Last Saturday at 3 p.m., a small group of interested people convened in a banquet room at Calhoun’s on the River, ostensibly to discuss the First Creek Tennessee River Shipwreck Project.
It takes some swagger to schedule anything on the last Saturday afternoon before Christmas, when friends and relatives are starting to blow through town and the stores are full of frantic shoppers. But Jim McNutt is a laid-back kind of guy. He’s enjoying a pint of beer and the company of a small group of curious people: a rescue diver, a prominent attorney who happens to live nearby, and some friends and relatives. Billed as an “informal meeting,” it was certainly that. McNutt gave no presentation, but on the occasions when one of the guests expressed curiosity about the shipwreck, he gestured toward a table. “It’s all over there,” he said. On the table was a plastic bag with a sawn-off piece of weathered wood with a rusty 10-inch spike in it and some rough sketches of what he was talking about.
What he’s talking about is something many of us have noticed on the shore. Planted in the sandy beach between the Volunteer Princess excursion vessel and the mouth of First Creek, there are rectangles of symmetrical wooden beams, looking a little worse for wear, and usually underwater except in wintertime. Metro Pulse ran a column about it a couple of years ago, based on the assumption that it was all the foundation of buildings, wharves, or warehouses that had once stood there.

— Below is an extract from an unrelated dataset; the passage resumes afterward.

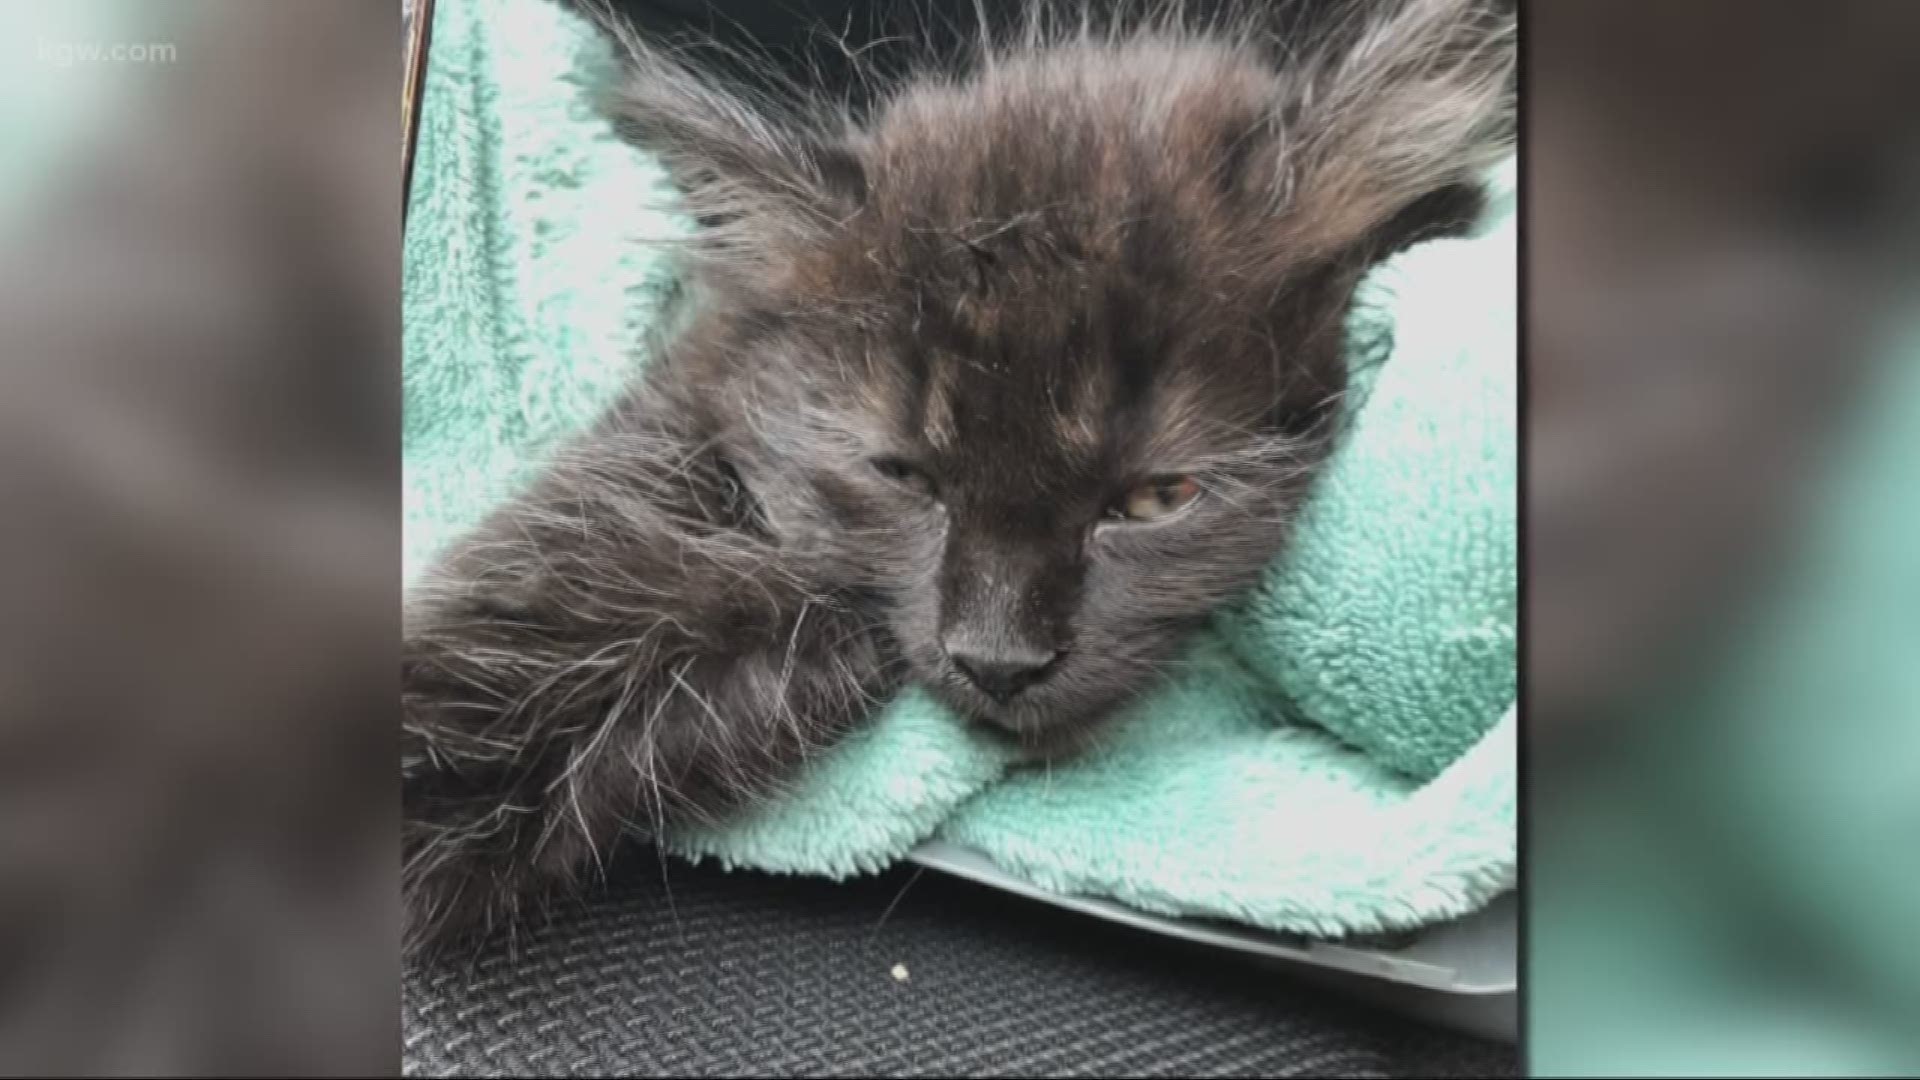 An animal thrown from a car. A woman says she saw a kitten tossed from a car window.
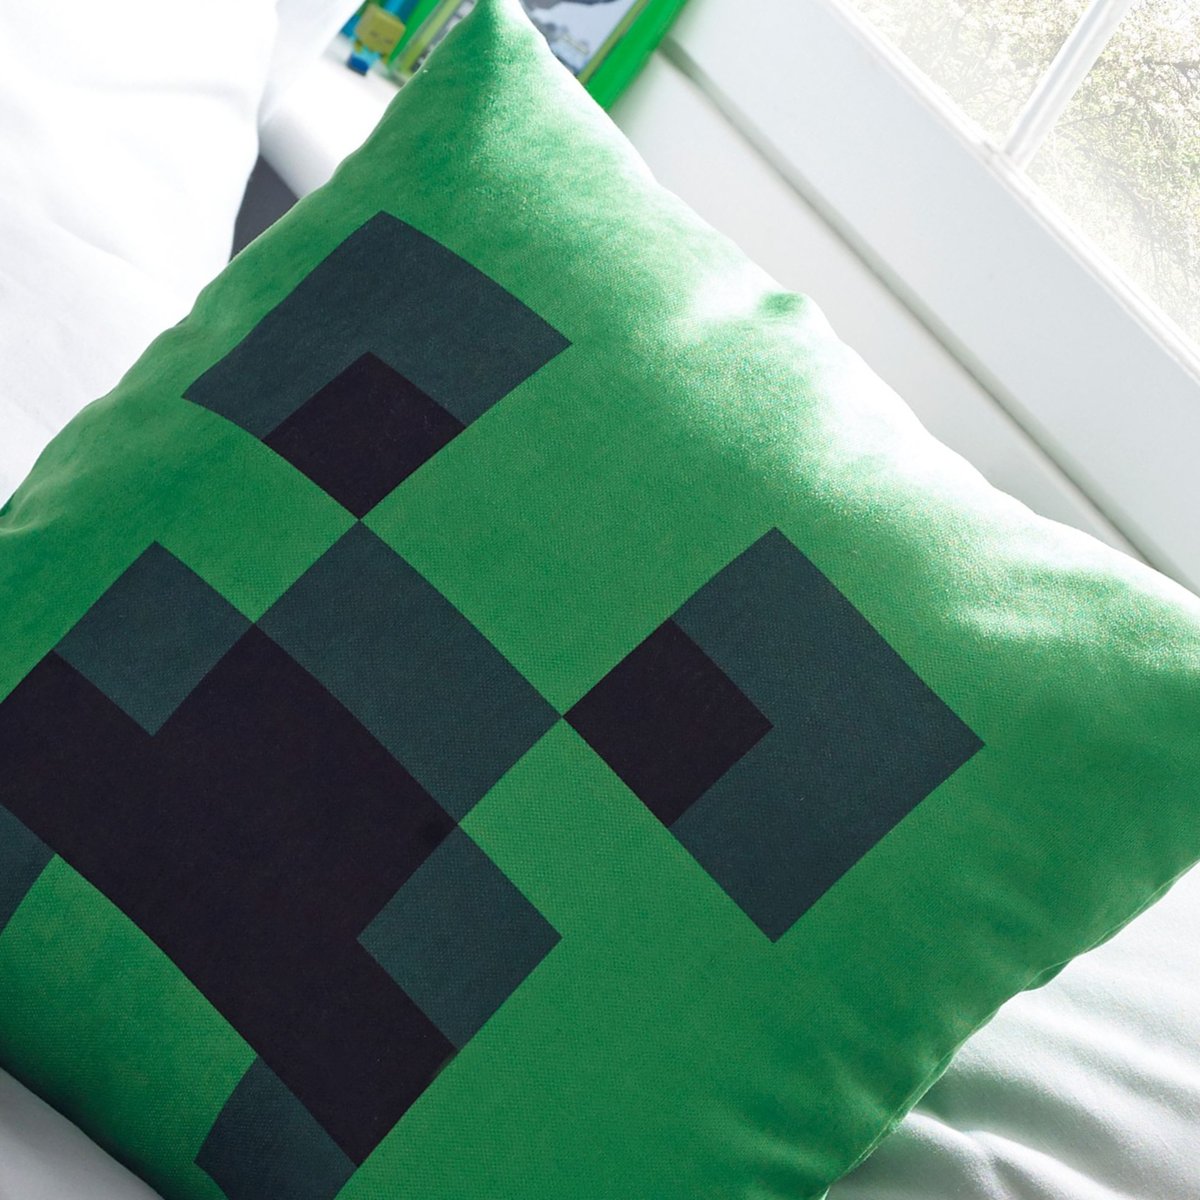 National hugging day - grab your creeper and cuddle up!

McNutt is convinced the wood is the remains of nautical vessels. He first encountered the ruins around 1977, when, before waterfront restaurants, few ever ventured to the riverbank. Now the proprietor of a business called Marine Geographic, McNutt has convincing experience. He says he has done salvage work in the Virgin Islands, Honduras, Aruba, and even Cuba, sometimes hunting for 18th-century Spanish and English wrecks. He’s worked on old riverboat sites on Florida rivers. He wrote a book, Quest for Shipwrecks, about his adventures. (It’s out of print, but he had a couple of copies on his table.) He’s also recently worked on practical salvage operations in this area, like recovering a Caterpillar earth mover that fell into the water near the mouth of Third Creek.
“I do a lot of underwater work,” says the gravelly voiced troubleshooter. “I love it.”
“There are boats wrecked all the way up and down here,” he says. He talks about one near Island Home, and another on the Holston, a marble boat that is clearly visible.
When McNutt looks at the rectangular array, he sees more there than the average dinnertime pedestrian might. “There’s this 3-inch-thick antique heart pine, and this drift-bolt construction, these iron rods hold it together. ... And the damn siding is 3-inch-thick heart pine!” He makes a strong case that it’s the remains of a boat rather than a building, which would have flooring on top of a frame. “The planking, the hull of the vessel’s underneath the frame.”
He perceives four vessels adjacent on the riverbank, three of which were small boats, maybe functional barges—drift boats, as he calls them, that may be little more than rafts. Some boats that ferried mining and agricultural products downstream were used only once, and abandoned. He talks with more interest about one “long boat,” a 118-foot hull that may be the remains of a swift and slender paddlewheeler. “Long and narrow,” he says, “like a cigar.” He says he excavated a very similar one in the Suwannee River. Or, he says, it may have been a houseboat.
When he first saw it, as a young man looking for arrowheads in the riverbank, the wood looked more like a boat, with starboard and port sides. Another boat was nearby, then intact. “It was a nice little dory,” he says, “a small, wooden dory. But it just fell apart.”
McNutt admits that he’s one of the reasons it’s not quite what it used to be. In 1978, he removed a large piece of hardwood and made a table of it.
“That was before the Abandoned Shipwreck Act, fortunately,” he says. By law, the federal government owns whatever remains of whatever this is. But last month, McNutt filed a suit in federal court, claiming salvage rights for purposes of education.
“I’d like to get TVA or UT to do something with the site,” he says. So far he hasn’t found any takers. “I would do it myself,” he says. “But I’m not an archaeologist.” But he’s proceeding as if he were, accepting prospective volunteers on the assumption his lawsuit is successful. “We’re gonna require everybody who works the wreck to get a tetanus shot, and hep A or B,” he says. “Those spikes are razor-sharp.”
He sees some urgency. “Ten or 15 years ago, there was a lot more of the hull,” he says. “The site’s washing away. If there’s no money for archaeology, that’ll just be gone.”
McNutt admits the wrecked boat is not the big double-decker paddlewheeler with two smokestacks in the photocopies he presents in promotional fliers. “It could be just a common everyday work boat,” he says, “like an old pickup truck or something.” He says, “Maybe it doesn’t matter whether there were 12 drift boats on the port side of that vessel, or 14.”
“But I bet school kids would be fascinated.” There’s always the long shot it might turn up something surprising, “like the skeleton of James White’s grandfather,” he says.
But probably not.
“We’re just trying to have some fun,” he says.